Talk: Speed Up Your Data Processing: Parallel and Asynchronous Programming in Data Science (PyCon TW 2020 Edition)

[ talks  ]

Quick speaker notes + PyCon Taiwan 2020 talk reflection


Where: PyCon Taiwan 2020

When: 6 September 2020

Location: NCKU, Tainan / Remote

Resources used:

Recap

A recap of what I went through during my talk:

  1. Bottlenecks in a data science project
  2. Challenges in data processing in Python
    • For loops in Python are slow
    • List comprehensions are slightly better
    • Pandas is great for analytics but doesn’t quite scale for larger data
    • Spark cluster?

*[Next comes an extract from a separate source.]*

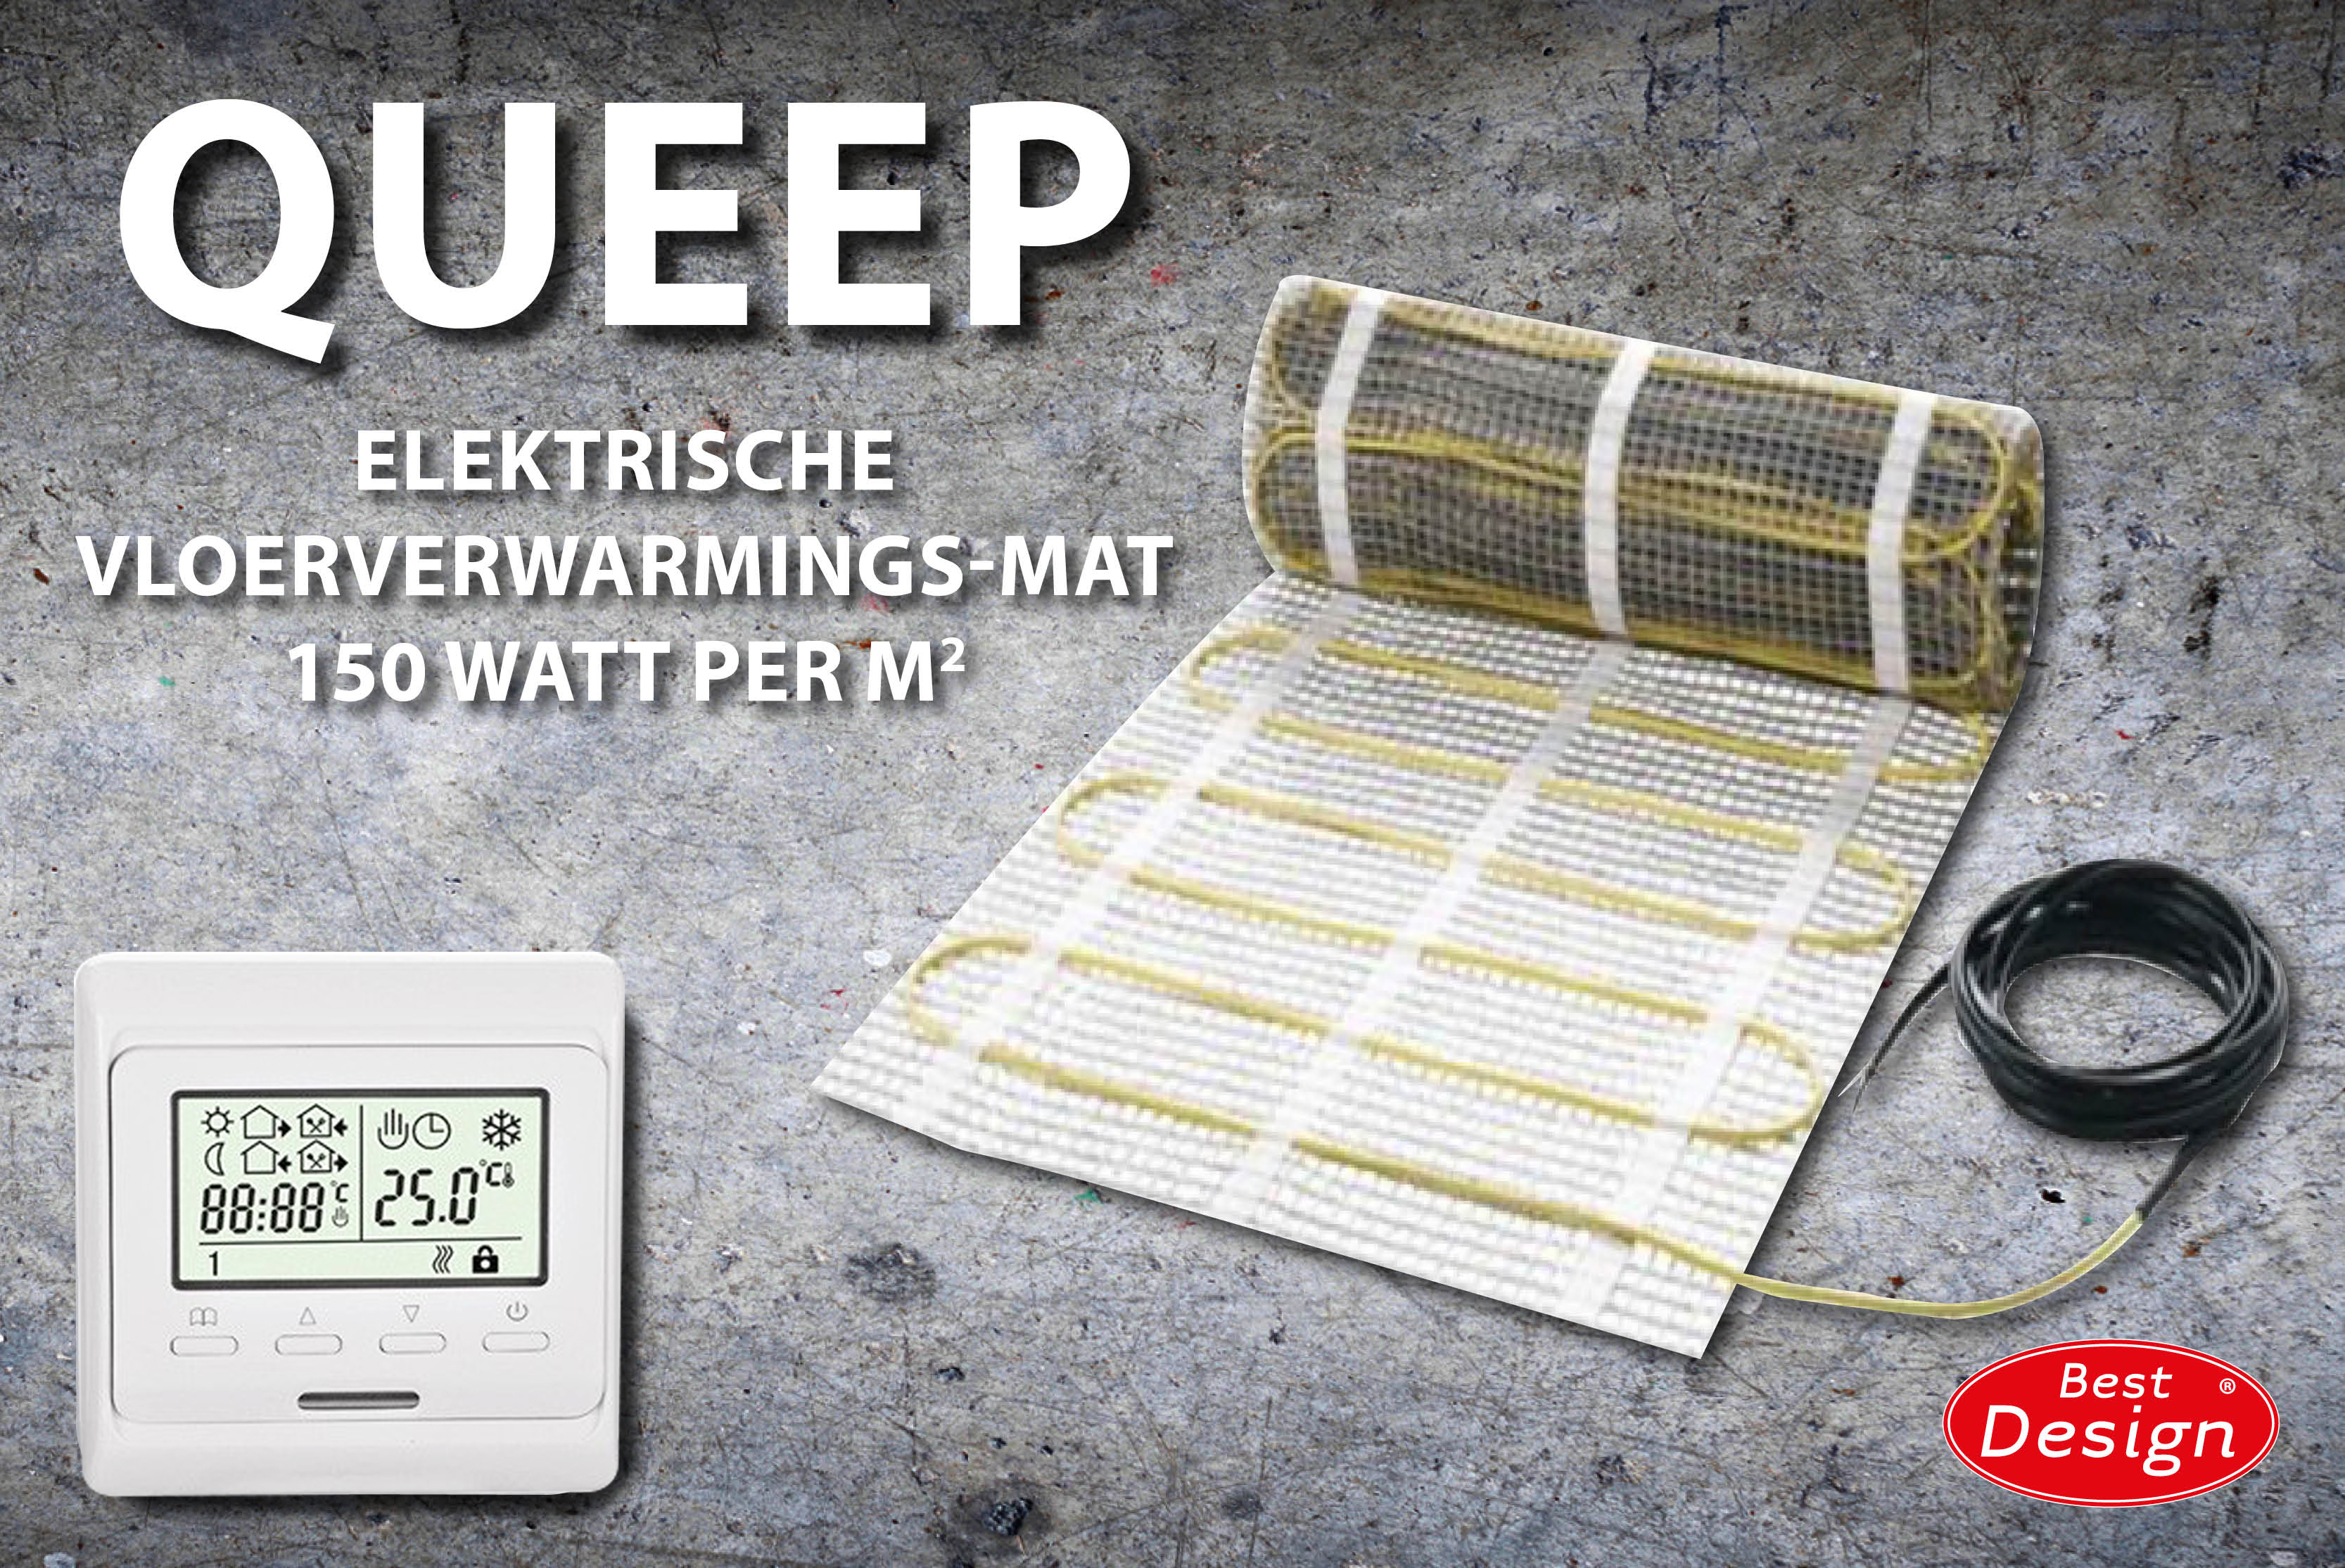 Best-Design Queep elektrische vloerverwarmings-mat 2.0 m2 Top Merken Winkel
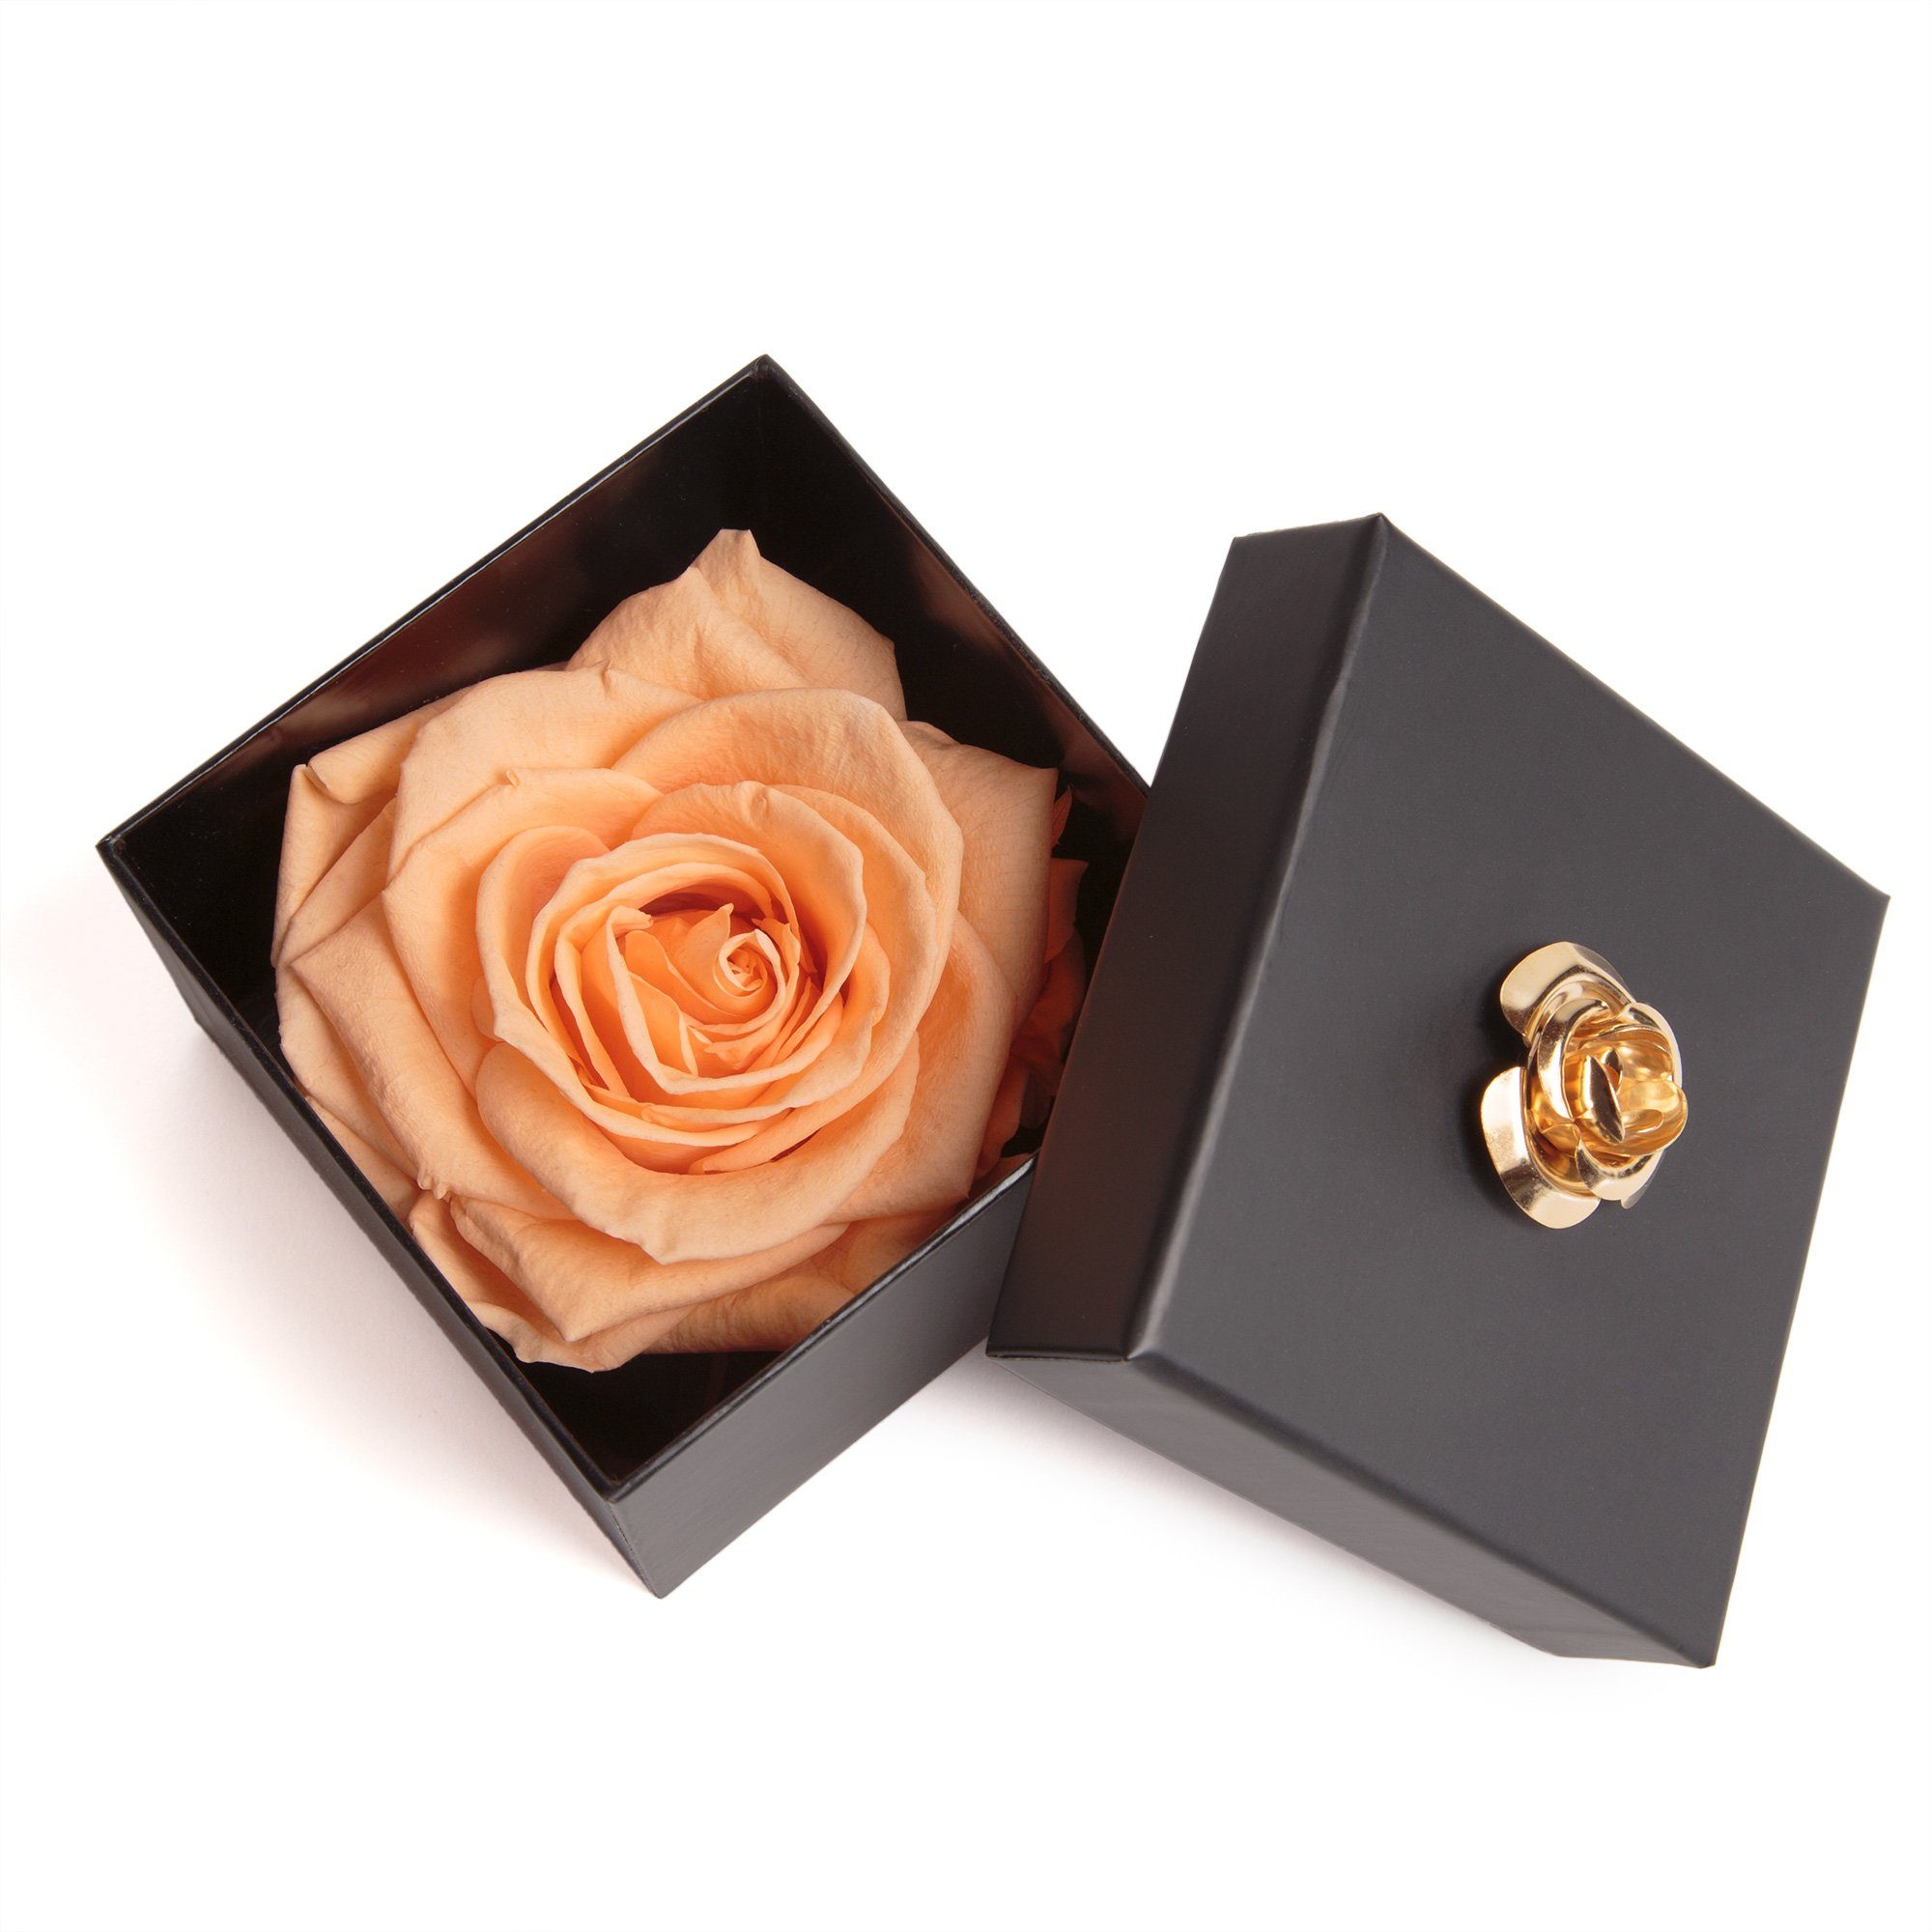 Kunstblume 1 Infinity Rose haltbar 3 Jahre Rose in Box mit Blumendeckel Rose, ROSEMARIE SCHULZ Heidelberg, Höhe 6.5 cm, Echte Rose haltbar bis zu 3 Jahre peach

Problem of “Small Big Data” + communication overhead across computes (+ communication network analogy)
  3. What is parallel processing? What do you mean by asynchronous?
    • Bonus: Introducing the traditional Singaporean breakfast!
    • Sequential vs parallel processing
    • Synchronous vs asynchronous execution
  4. When should you go for parallelism?
    • Practical considerations
      • Is your code already optimised?
      • Problem architecture
      • Overhead in parallelism
        • Amdahl’s Law - not everything can be parallelized
    • Multithreading vs Multiprocessing
  5. Parallel + asynchronous programming for data processing
    • Data processing tends to be more compute-intensive
    • Most data folks use Python – GIL does not allow parallel thread execution
    • How to do parallel + asynchronous processing in Python?
      • concurrent.futures module in Python
      • ThreadPoolExecutor vs ProcessPoolExecutor
      • executor.submit() and executor.map() in concurrent.futures
  6. Putting Them All Together
    • Case: Network I/O Operations
    • Case: Image Processing
  7. Key Takeaways
    • Not all processes can be parallelized
    • Don’t use for-loops!

Slides

PyCon Taiwan 2020 - 6 September 2020 - Speed Up Your Data Processing - Parallel and Asynchronous Programming in Data Science

GitHub Repository for Demo

hweecat/talk_parallel-async-python

Video

Speed Up Your Data Processing: Parallel and Asynchronous Programming in Data Science - PyCon Taiwan 2020

Quick reflection

Speaking at PyCon Taiwan has been one of my key priorities in year 2020 even before the pandemic (another of my key prioriies was to speak at a conference outside of Asia). Taiwan was where I made my international debut on the conference-speaking circuit, and I initially planned to travel in Taiwan for a week in between PyCon Taiwan and Open Up Global Summit and speak at both conferences. Alas, things didn’t go according to plan:

  1. Even though PyCon Taiwan 2020 could proceed as an offline conference, flying in to Taiwan as a speaker is not an option due to the 14-day quarantine period. So, I had to present remotely instead.
  2. The pandemic moved Open Up Global Summit online, and it is not logistically possible for me to prepare for two different talks within one week from each other without compromising on quality (I do have a full-time role as a data engineer after all). Moreover, being stuck in Singapore (as opposed to travelling alone in Taiwan) means that I do not have as much leeway and flexibility in terms of schedule during the weekends due to the much-dreaded family obligations.
  3. Presenting remotely does take a toll on my mental health, and not having an actual break in between means that I take longer to recover and prepare for the next remote talk.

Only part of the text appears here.